Collected data:
=-=-=-=-=

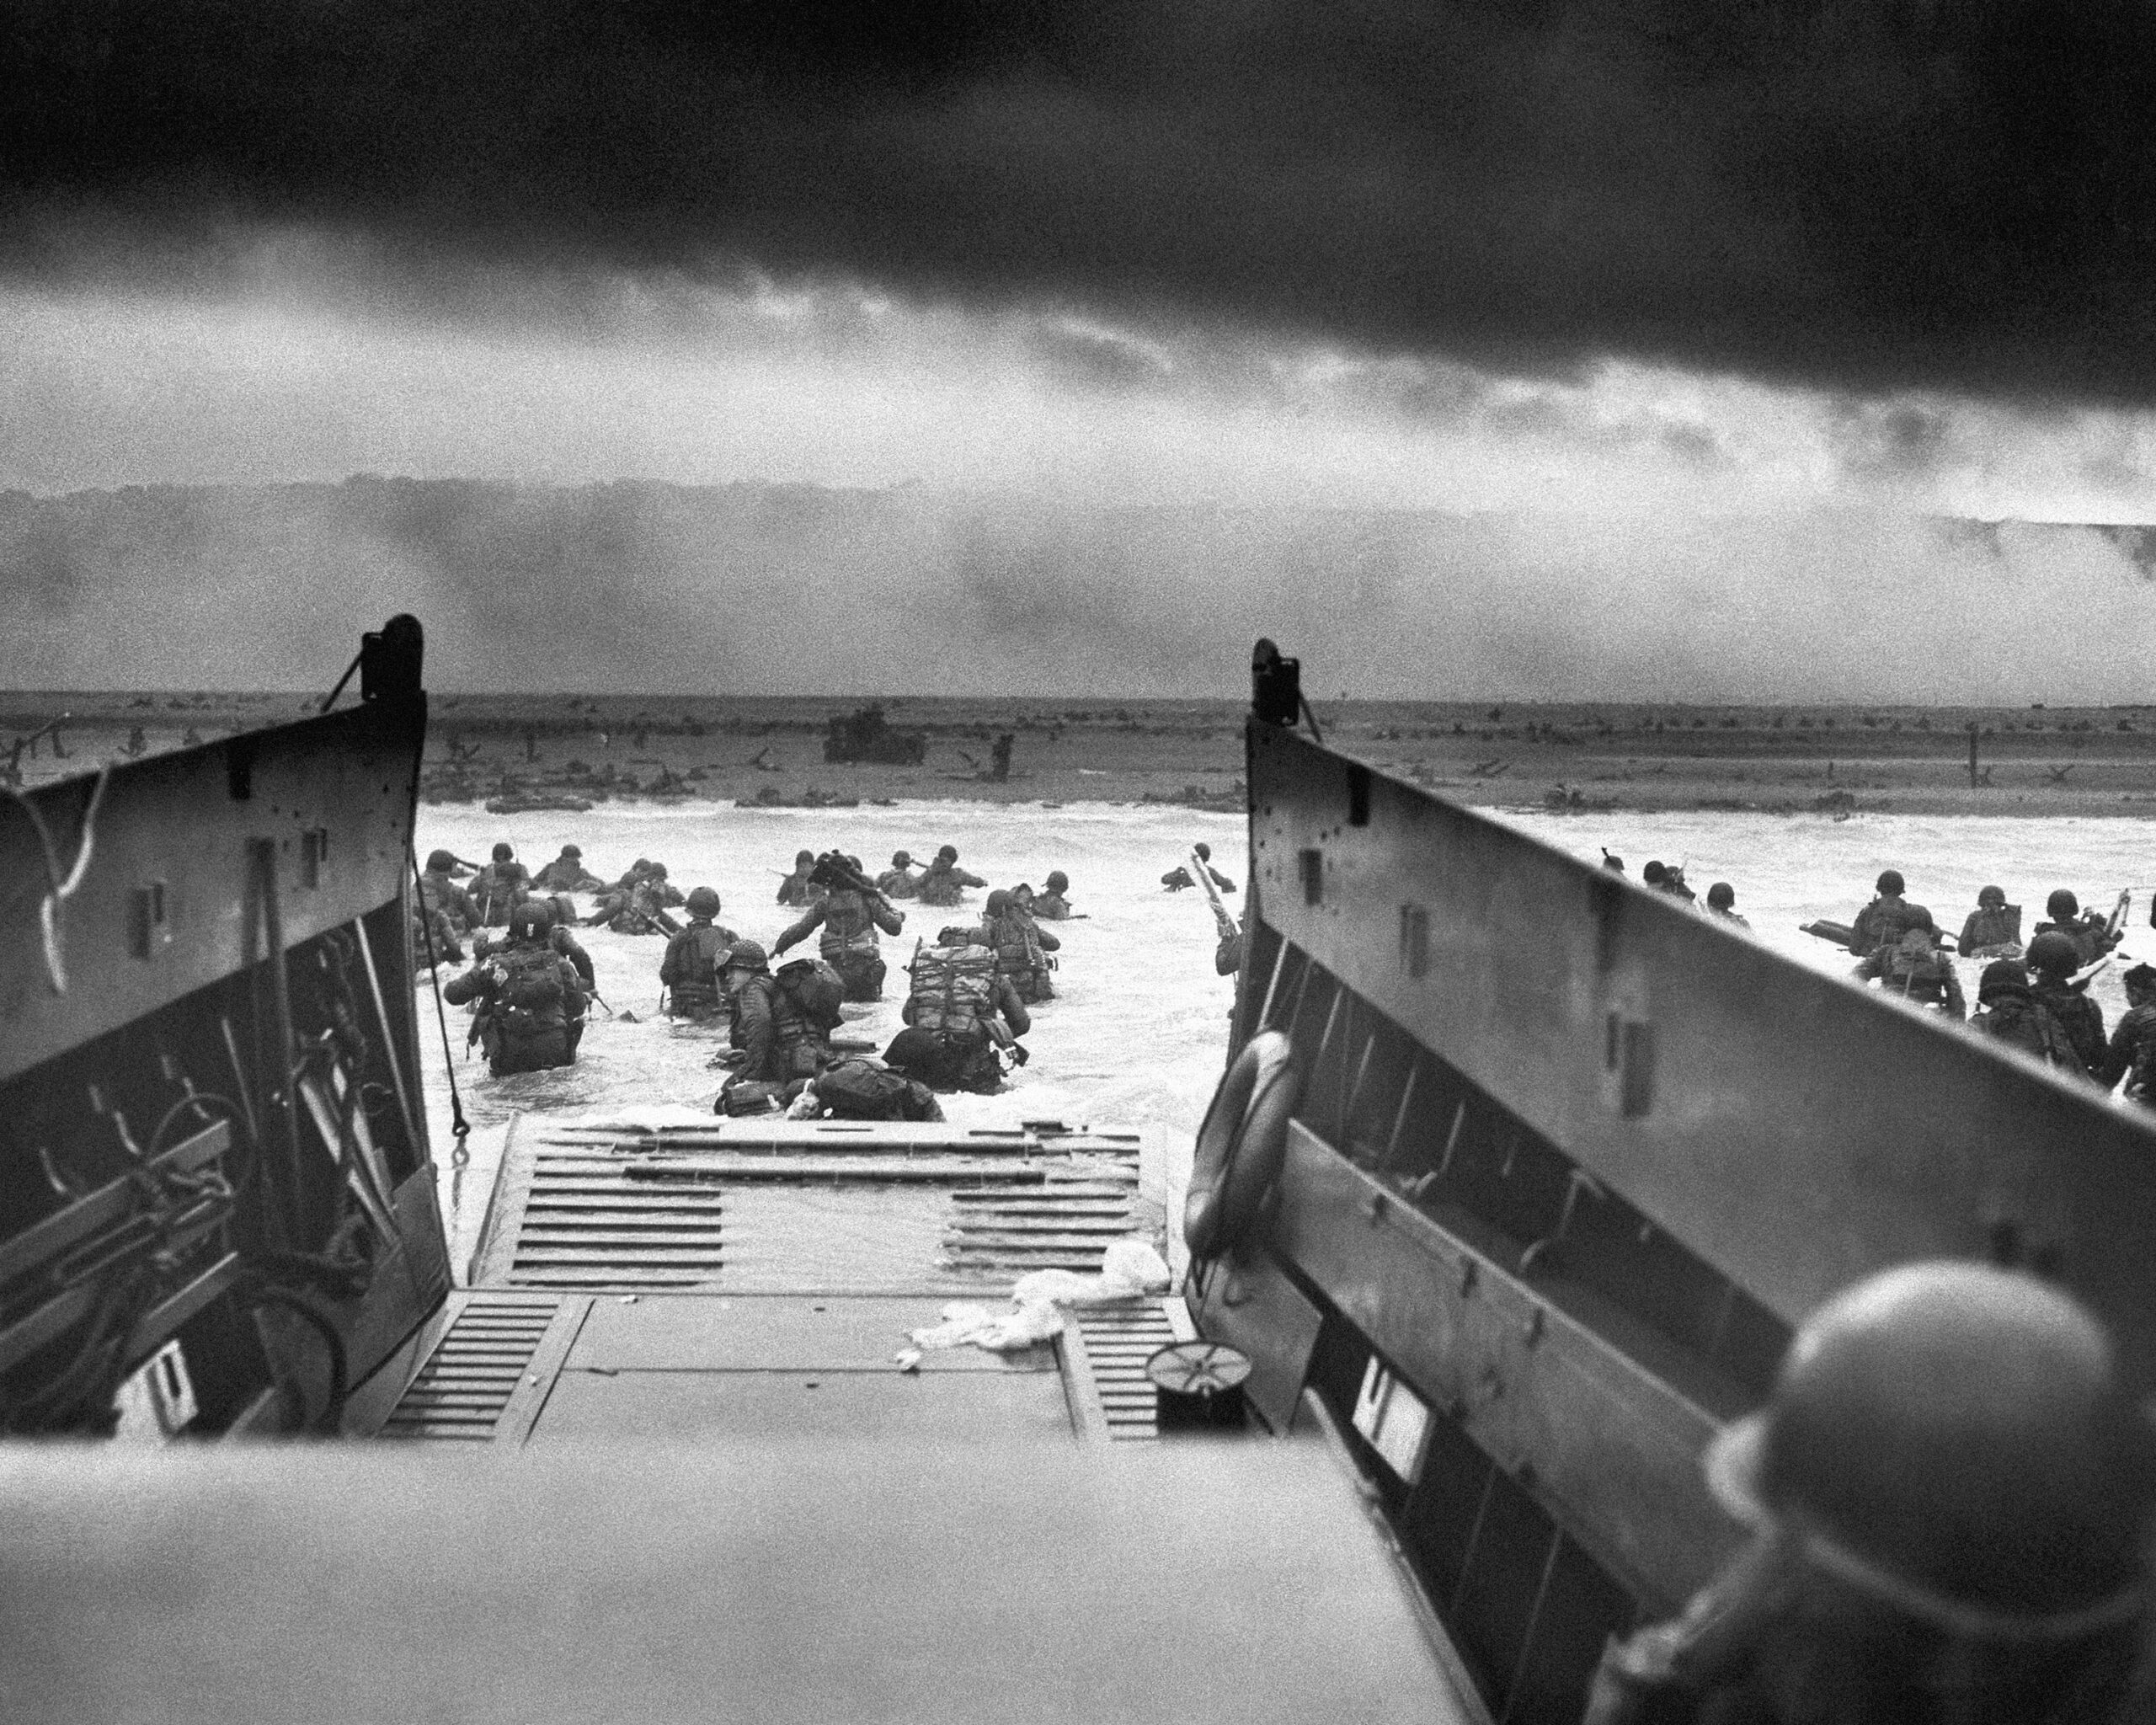 This photograph is believed to show E Company, 16th Regiment, 1st Infantry Division, participating in the first wave of assaults during D-Day in Normandy, France, June 6, 1944. The greatest armada ever assembled, nearly 7,000 ships and boats, supported by more than 11,000 planes, carried almost 133,000 troops across the Channel to establish toeholds on five heavily defended beaches stretched across 80 kilometers (50 miles) of Normandy coast. More than 9,000 Allied soldiers were killed or wounded in the first 24 hours. (Chief Photographer's Mate Robert M. Sargent, U.S. Coast Guard via AP, File)
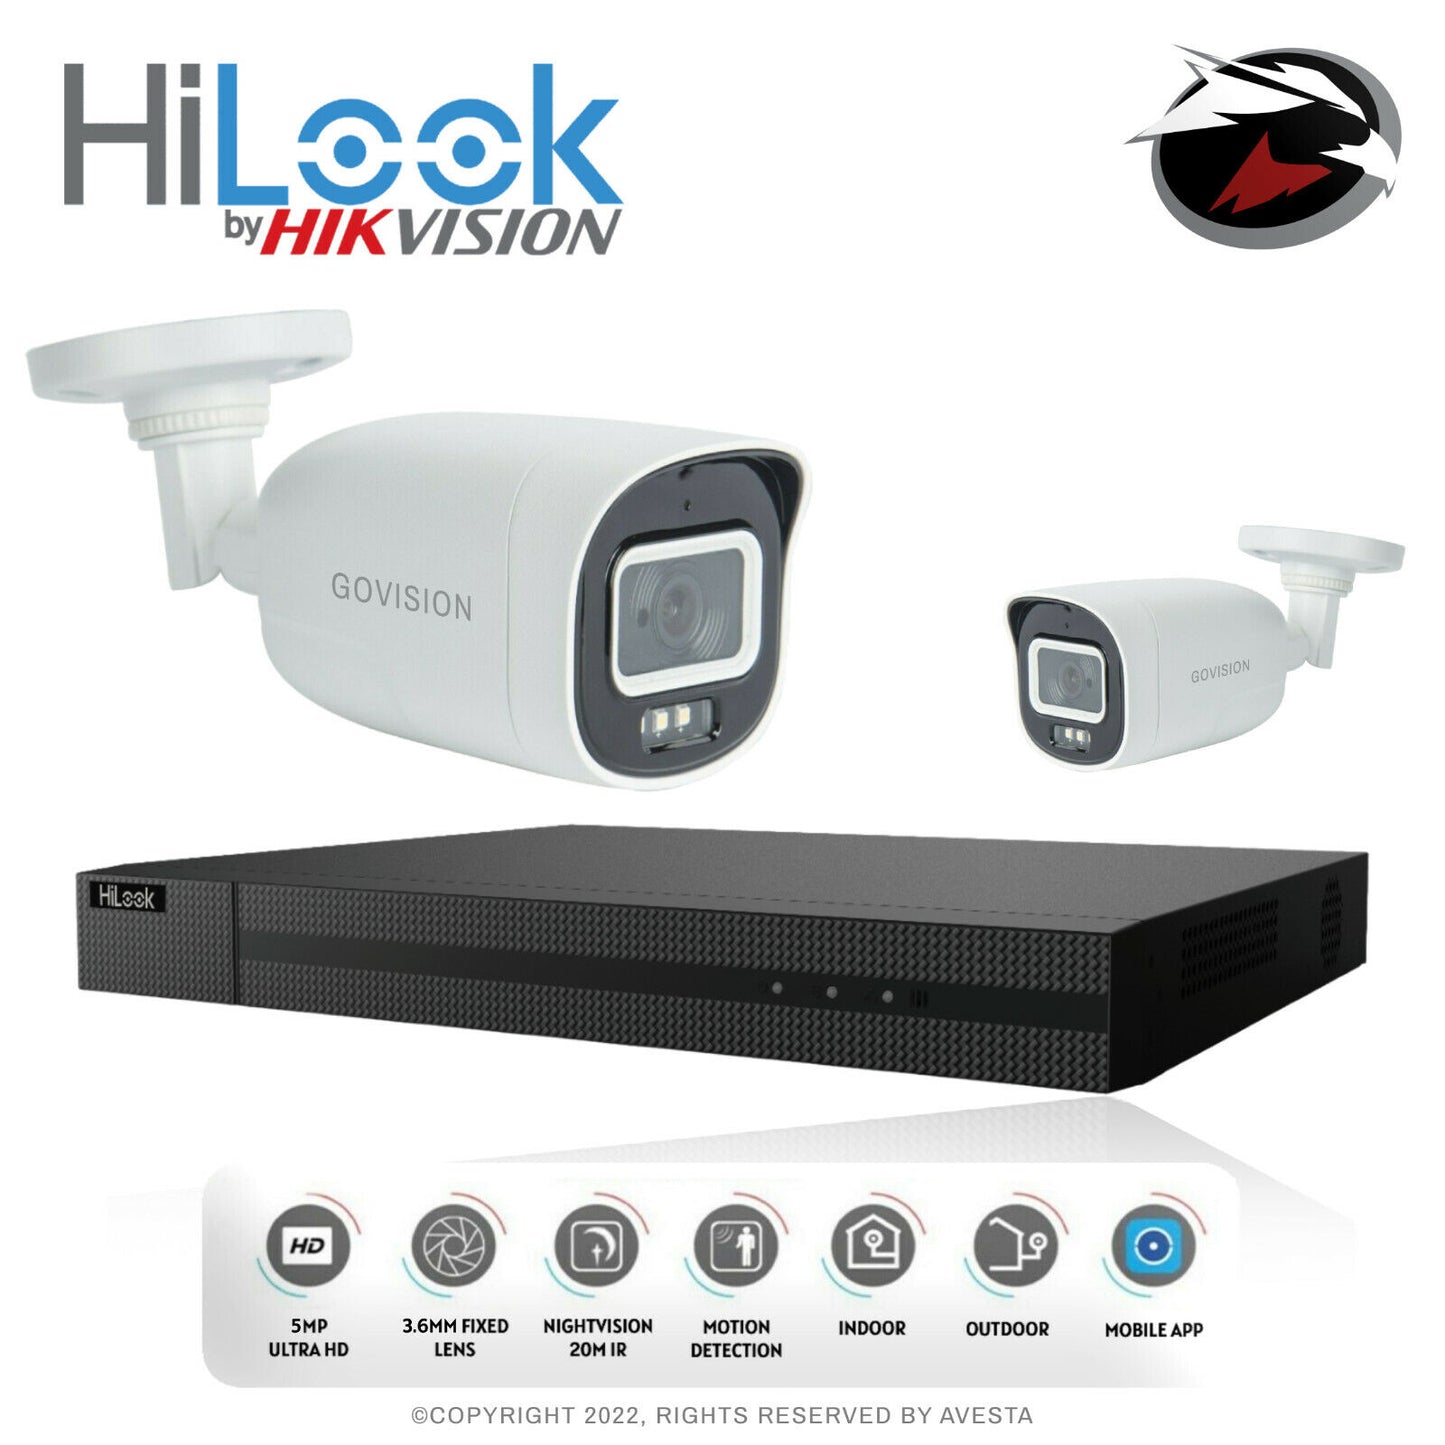 HIKVISION HILOOK 5MP CCTV SYSTEM DVR UHD 24/7 HOURS COLORFUL NIGHTVISION CAMERA 4CH DVR 2xCameras (white) 1TB HDD
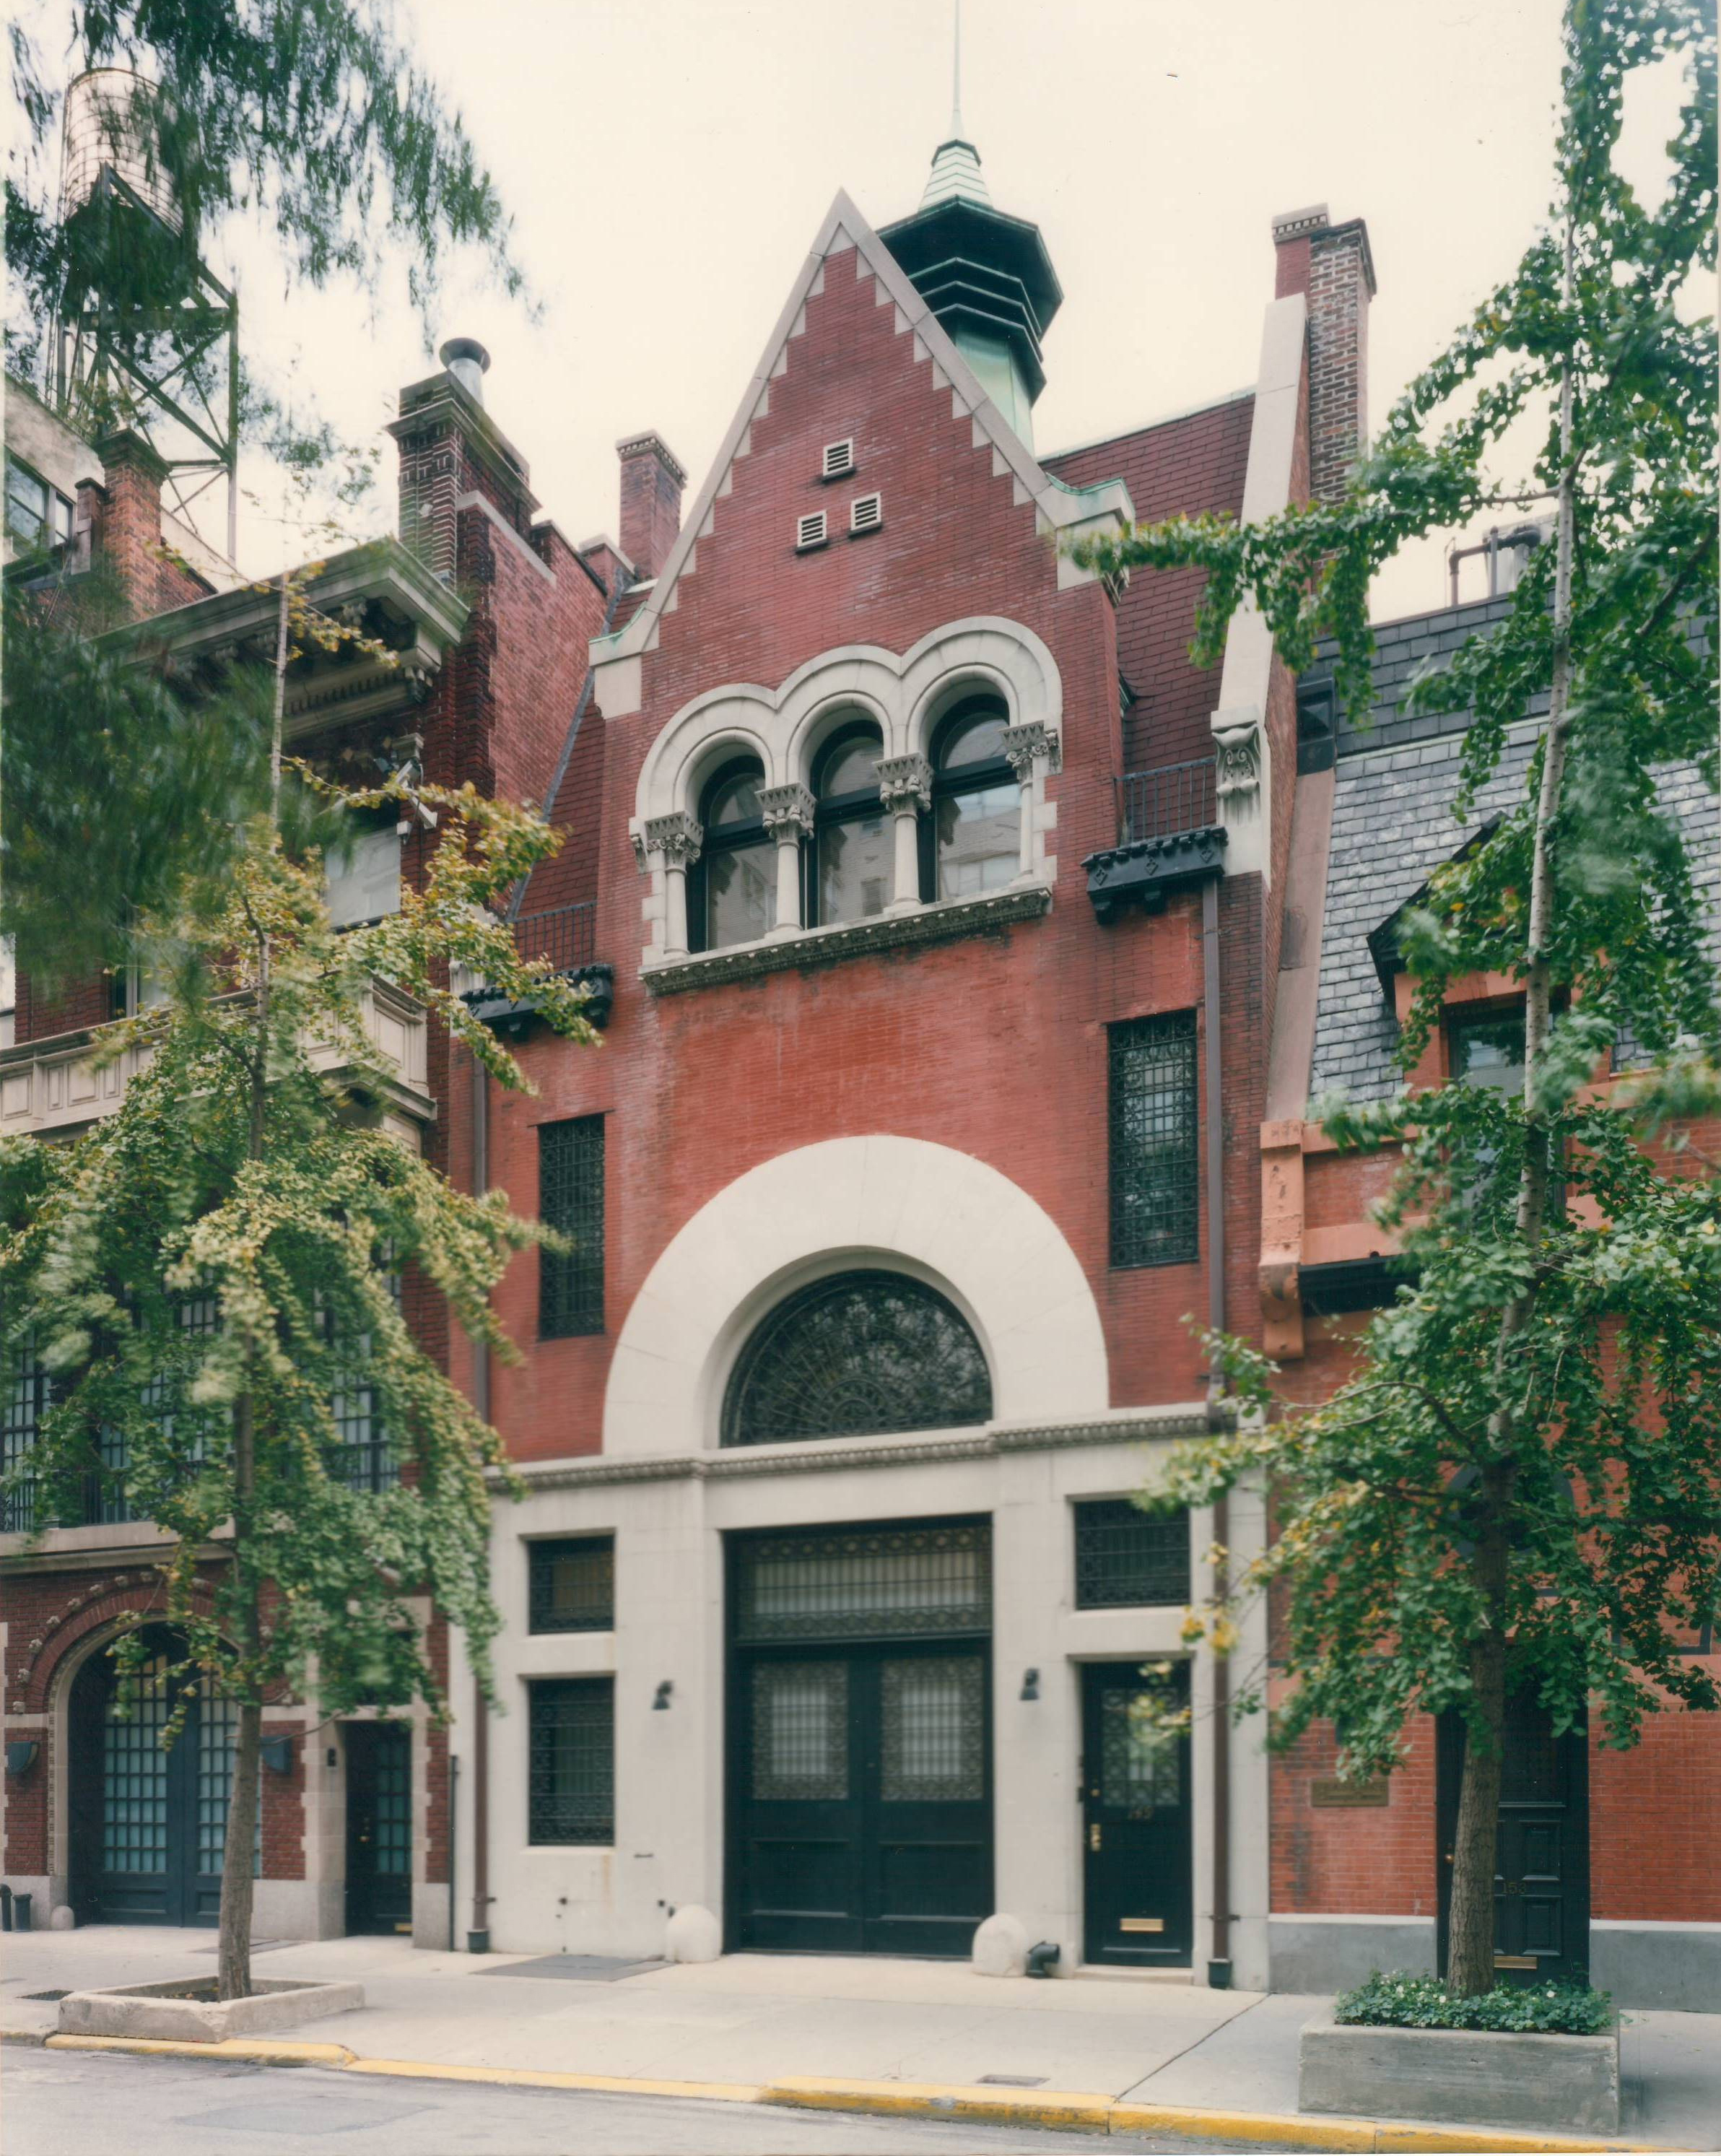  East 69th St. Carriage House, Robert Lipson Architect

=-=-=-=-=

Your task: What is needed is an exact transcription of the lines from the one holding "HIKVISION HILOOK 5MP" to the end of the data, with every picture left out.

Result:
 HIKVISION HILOOK 5MP CCTV SYSTEM DVR UHD 24/7 HOURS COLORFUL NIGHTVISION CAMERA 4CH DVR 2xCameras (white) 1TB HDD
  East 69th St. Carriage House, Robert Lipson Architect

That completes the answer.